He who hesitates ...

While last season's supply shortages persist, a few bicycles and cycling accessories are slowly trickling in at Mathieu's, the bike shop where I work. Many of these orders were placed long ago and they are just starting to show up. Trek and Specialized, the two brands we carry, have indicated that a larger volume of bikes should be arriving this spring — and hopefully that is the case. I'm guessing most dealers throughout the nation are facing the same circumstances.


Along with my usual job of cleaning bikes prior to tune-ups, which is picking up with the nicer weather, I did build two of the new arrivals: Trek Precaliber models for kids; one in hot pink and the other in roarange (road orange). Frankly, these were extremely easy to put together — even for me — but it had been quite a few months since I'd performed such a task.


Returning to the topic of scarce bicycles and parts, I believe it could be next year before this problem straightens itself out. The demand continues to be way more than manufacturers can keep up with, which is too bad ... given the fact that the popularity of riding is so high right now, but it's dang hard to even obtain a bike.


I've still got the owner's manual for my 1988 Schwinn.

On top of that, bike makers are compounding the parts dilemma.
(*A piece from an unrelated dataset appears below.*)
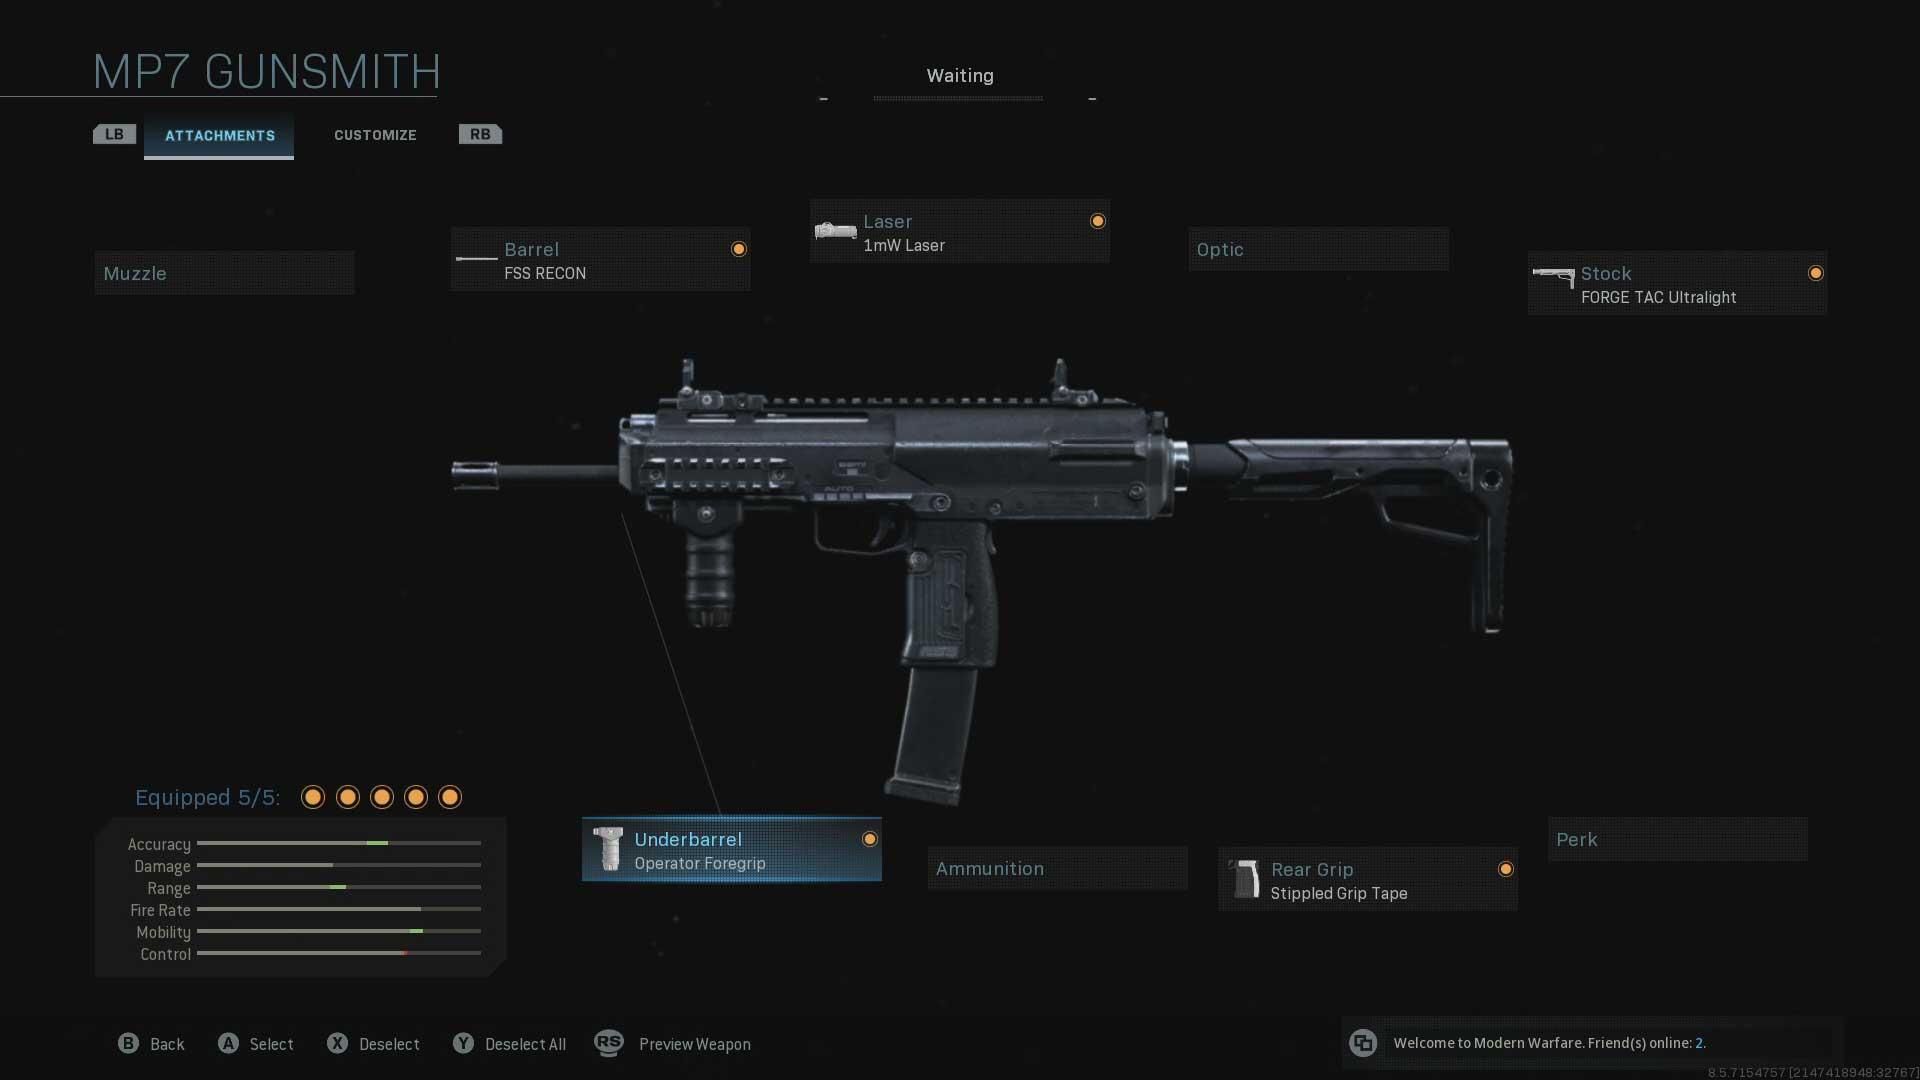 Najlepšie zaťaženie pre MP7 a M13 v Call of Duty Warzone 2

They are "robbing" the stuff we need to repair existing bikes in order to produce new two-wheeled machines. For me personally, I'm having a devil of a time locating a 7-speed cassette for my 1988 Schwinn Circuit road bike, and good luck finding an 11-speed chain of any kind. Heaven forbid, if I had to "retire" one of my bikes due to a lack of parts.


Patience and prayers might be the only answer. But one thing is for sure. If you're thinking about buying a bicycle or fixing one, don't wait ... or you'll be too late.


Making the switch


With the roads being fairly clean, I finally jumped on a road bike this week ... my previously mentioned Schwinn. I've just got to say, despite being a 33-year-old bike, I still love riding it.


Two things happen for me when I switch bikes. First, because I hadn't been on the Schwinn since last season, and the fact that I've been cruising on my monster machines over the winter, it felt very foreign for the first few miles. Your riding posture is different, your derriere seems out of line on the saddle, and the bike's weight factor isn't an issue ... so you're just flying.


Secondly, because my bikes are always in pretty good working order, I tend to forget — from one season to the next — if there are any carryover issues. The first touch of the brakes on my Schwinn the other day quickly reminded me that I need new pads on the front. Easily solved.


And there's one other thing I should add. At the end of my initial 2021 trek with my Schwinn, I stopped to chat with my neighbors, Ted and Carolyn. After catching up on the latest news, I positioned myself to head home. However, a little lack of concentration — and forgetting I was "clipped" into my pedals, for the first time this year I might add — it was ass over teakettle for me in no time. As I was picking myself up off the ground, Carolyn kept asking if I was OK. My response: Hurt, no. Embarrassed, yes.


Oh well, just another moment on my bike. Stay safe ... and don't forget to use flashing lights while riding!


(Editor's note: I hope you like the new look for Pedal2Page. I'll give you more details in future postings.)